It's one thing to argue that since software costs disproportionately higher than hardware, it is reasonable to assume that one might agree to spend the little extra on the hardware if it is proven to be able to deliver higher performance.
It is an entirely different thing to argue using the above fact that the higher performing hardware would in turn allow for a linear increase in productivity as reflected in the numbers he cooks up, which muddles the fact that CFD engineers are being paid salaries, not wages, and they aren't operating the tools(hardware and software) as if working on an assembly line.
Your first paragraph is one of my major points. The software, engineer time, and computer memory are where the money goes. The CPU is so minimal of a cost that it usually isn't even a blip in the decision. This fact that CPU cost is nearly meaningless on HEDT and servers is such an important lesson that so few people understand. If we want AMD to thrive, we want them to value their processors properly.

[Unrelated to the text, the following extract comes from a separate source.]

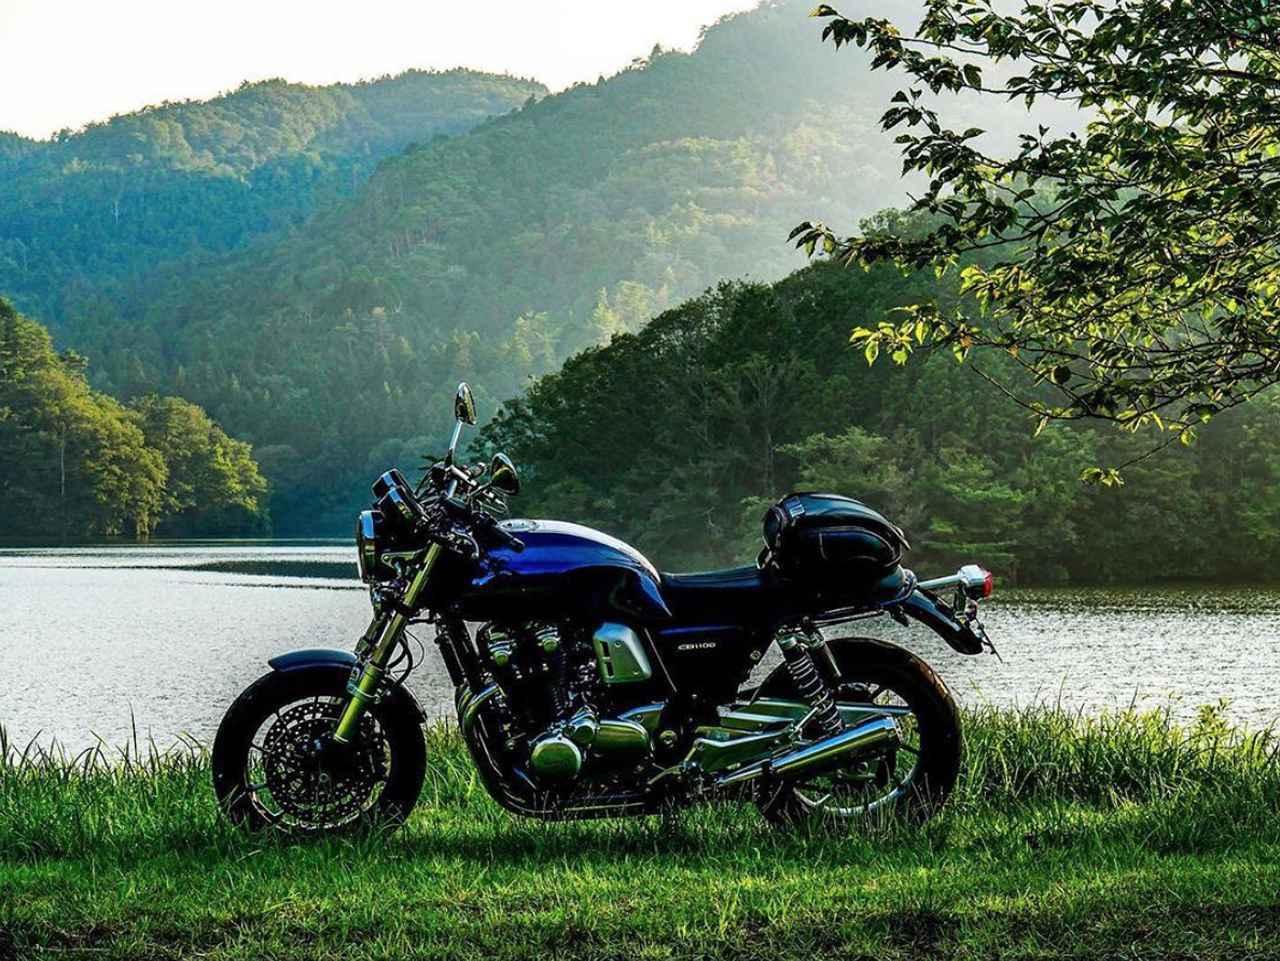 画像: 大自然をバックに溶け込むホンダバイクの存在感【リトホンインスタ部vol.97】 - A Little Honda | ア・リトル・ホンダ(リトホン)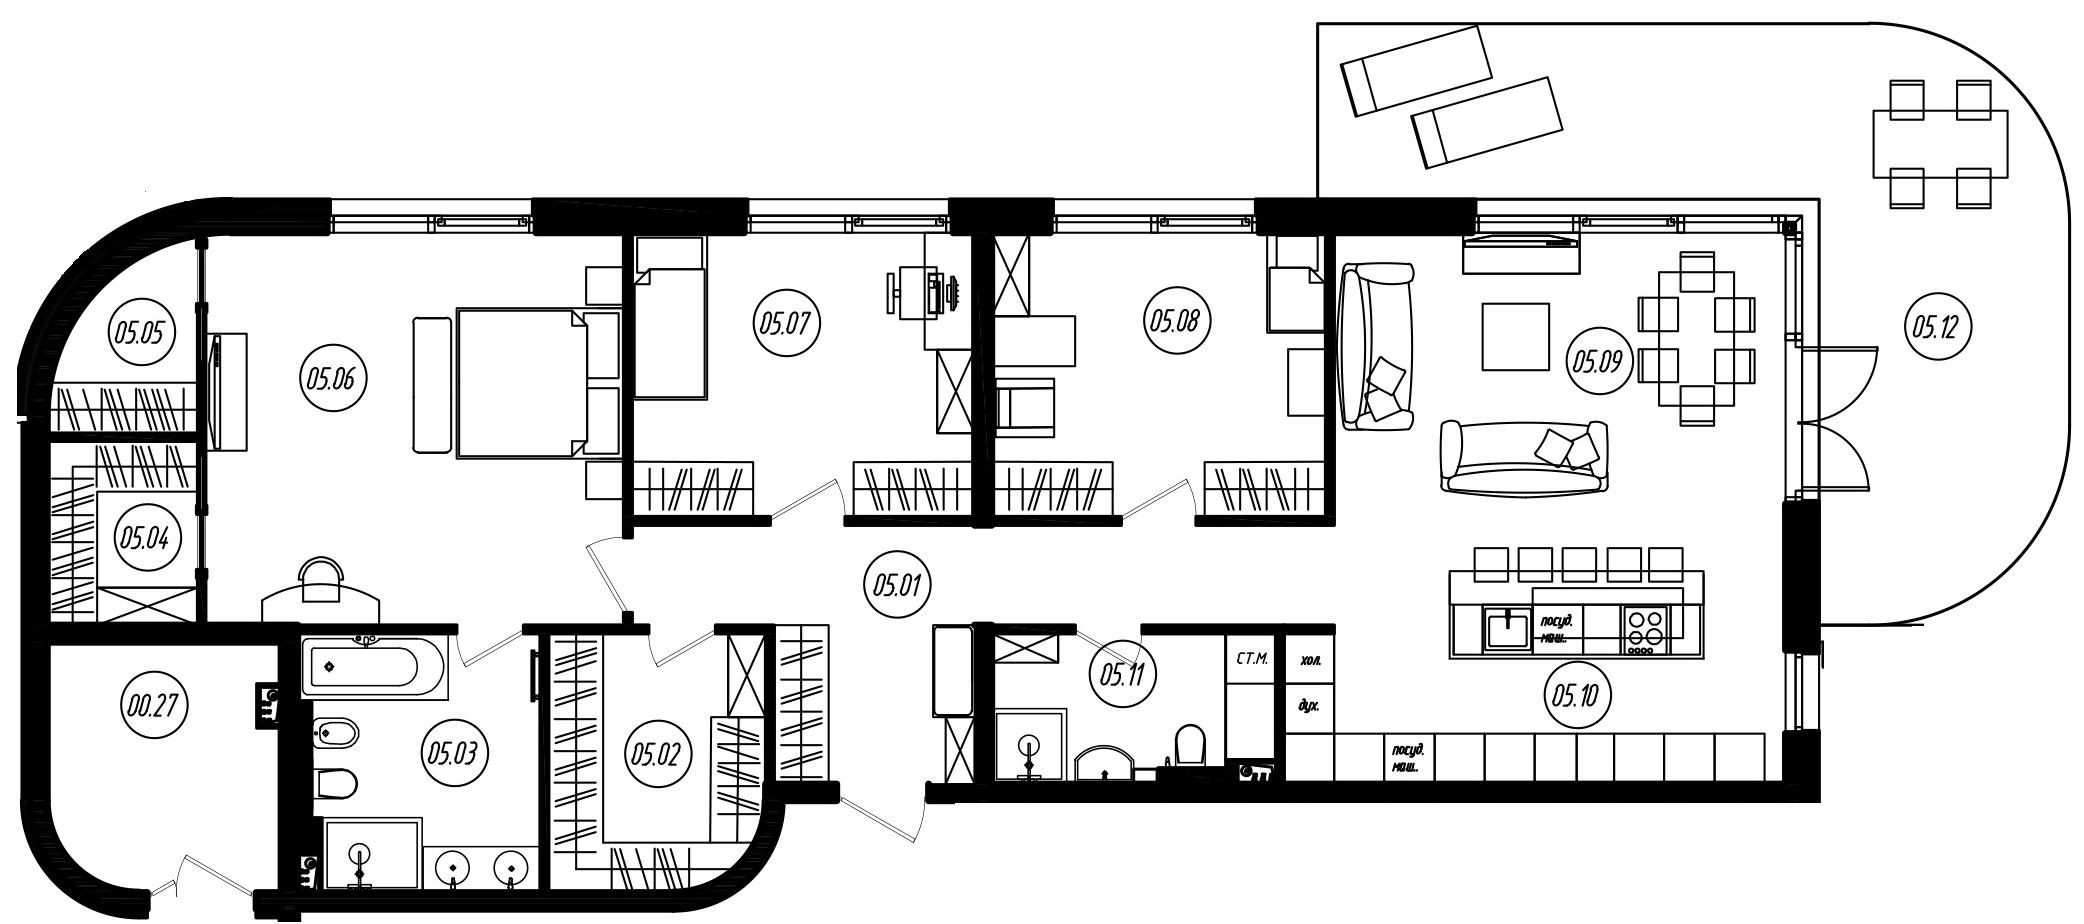 4-комнатная 163 м<sup>2</sup> на 1 этаже

I won't even bother going into your link where the EPYC computer had
double the memory, double the memory channels, more cores, and faster turbo than the Xeon computer. If you aren't going to compare like-for-like, why even bother? At least they did one thing right, which was to turn off hyperthreading which often destroys CFD performance.
Having done CFD for about a decade and having worked with many CFD engineers, I can say we are far closer to working on an assembly line than you describe. CFD isn't as much of a science as it is an art. The solvers tend to hone in on local minimums/maximums and not on the global minimums/maximums, especially at the start of calculations. If you aren't there watching and guiding the solutions as they go, you most often get diverging results that lead to meaningless answers (some number goes to infinity and the whole calculation crashes). Second most often you get many different local minimums/maximums with no clear answer as to which is the right one. So, the engineer babysits the calculations intensely to guide it to the global minimums/maximums. Yes, you can go to a meeting as it crunches away. But, I personally don't measure worker output by how many meetings were accomplished.